Id. at 1199. In other words, the plaintiffs role as messenger was no more protected by the First Amendment than if she had physically delivered the information in writing back and forth between the concerned parents and the school officials. It thus becomes clear why this court explained in Bausworth, “[i]n making our examination, we focus on the employee’s role in conveying the speech rather than the public’s interest in the speech’s topic.” Id. at 1198 (emphasis added).
By contrast to the plaintiff in Bausworth, Mumford was not merely conveying information on behalf of other parties; he was espousing his personal opinion. Moreover, when we focus on the role that Mumford assumed in advancing his opinion, the facts suggest that he was acting as a concerned public citizen speaking on a matter of public interest, not that he spoke “merely as an employee, concerned only with internal policies or practices which were of relevance only to the employees” of ISU. Cox, 790 F.2d at 672. In other words, his speech was not “upon matters only of personal interest.” Connick, 461 U.S. at 147, 103 S.Ct. at 1690. Rather, it concerned a matter which can be “fairly considered as relating to [a] matter of ... concern to the community.” Id. at 146, 103 S.Ct. at 1690. Finally, even if his speech had been directed only to other members of the ISU faculty, that fact alone was insufficient to exclude Mumford’s speech from First Amendment protection on summary judgment. As the Supreme Court explained in Givhan v. Western Line Consol. Sch. Dist., 439 U.S. 410, 415-16, 99 S.Ct. 693, 696-97, 58 L.Ed.2d 619 (1979):
The First Amendment forbids abridgement of the “freedom of speech.” Neither the Amendment itself nor our decisions indicate that this freedom is lost to the public employee who arranges to communicate privately with his [or her] employer rather than to spread his [or her] views *762before the public. We decline to adopt such a view of the First Amendment.

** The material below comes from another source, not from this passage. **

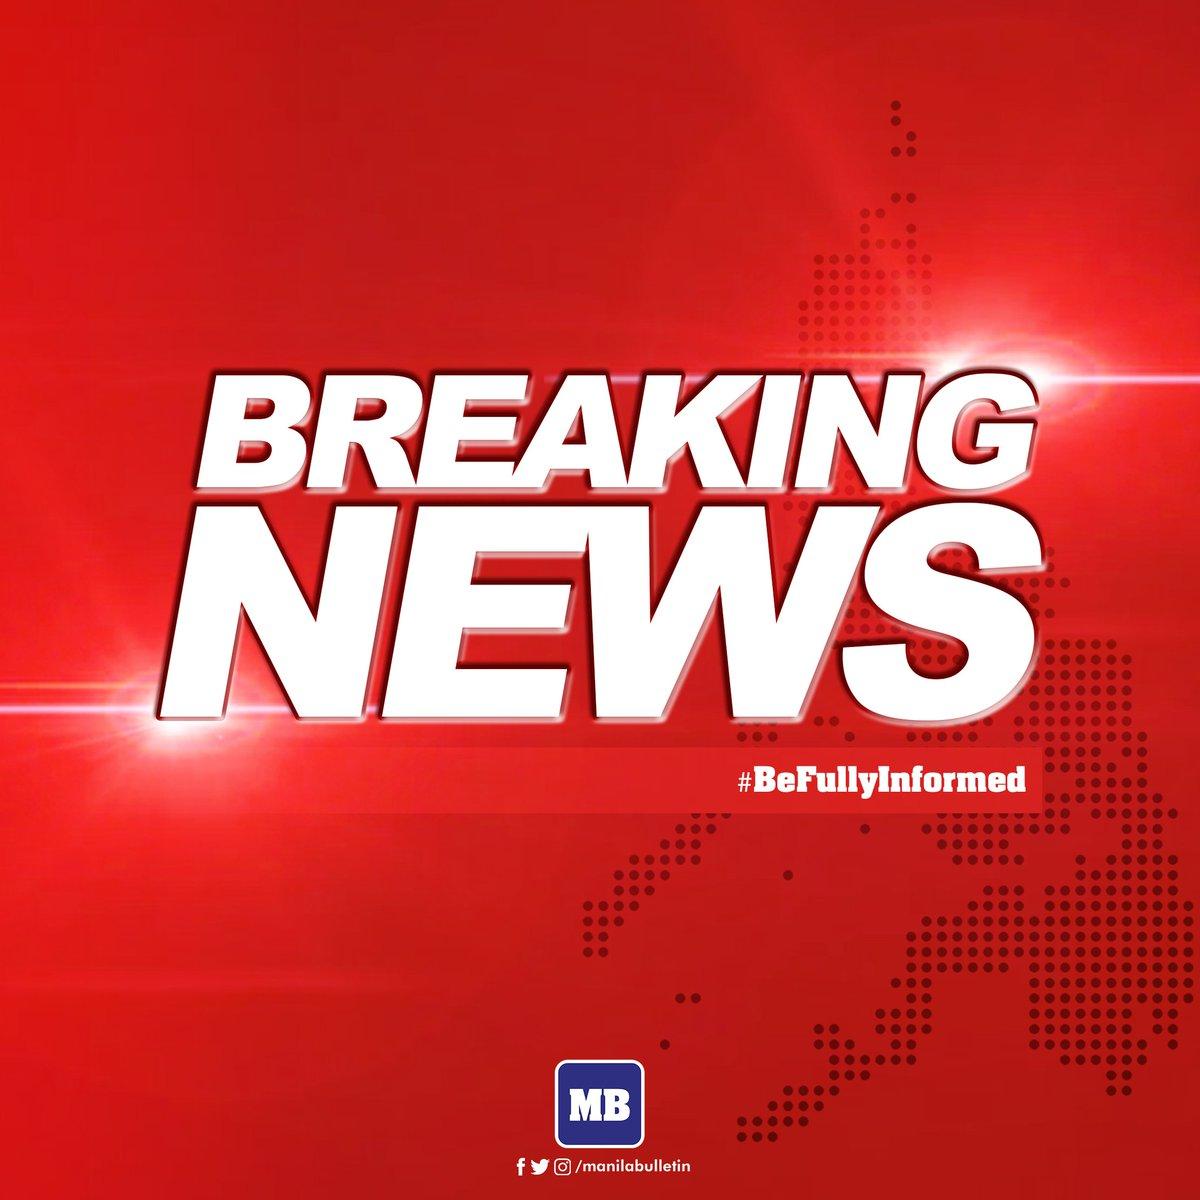 breaking news cover manila - HD1200×1200

See also Cox, 790 F.2d at 672 n. 5 (“[i]t is clear that an employee’s right to speak out on matters of public concern is not forfeited by the choice of a private forum”); Roberts v. Van Buren Pub. Sch., 773 F.2d 949, 955 (8th Cir.1985) (public nature of subject of speech is not negated by the fact that employees chose to communicate their concerns privately); accord Too v. Freeh, 27 F.3d 635, 639-41 (D.C.Cir.1994) (reversing grant of summary judgment for employer where speech touched upon issue of public concern, even though it involved an individual personnel dispute and was not made public).
In sum, we hold, upon de novo review, that the district court erred in determining as a matter of law that Mumford’s speech was not protected under the First Amendment. We emphasize that our review of the district court’s disposition of Mumford’s free speech claim is limited to the district court’s legal conclusion that Mumford’s speech was not on a matter of public concern. Because the district court erred on this issue, we reverse the district court’s summary judgment dismissal of Mumford’s First Amendment claim.
The judgment of the district court is affirmed in part and reversed in part and the case is remanded for further proceedings consistent with this opinion.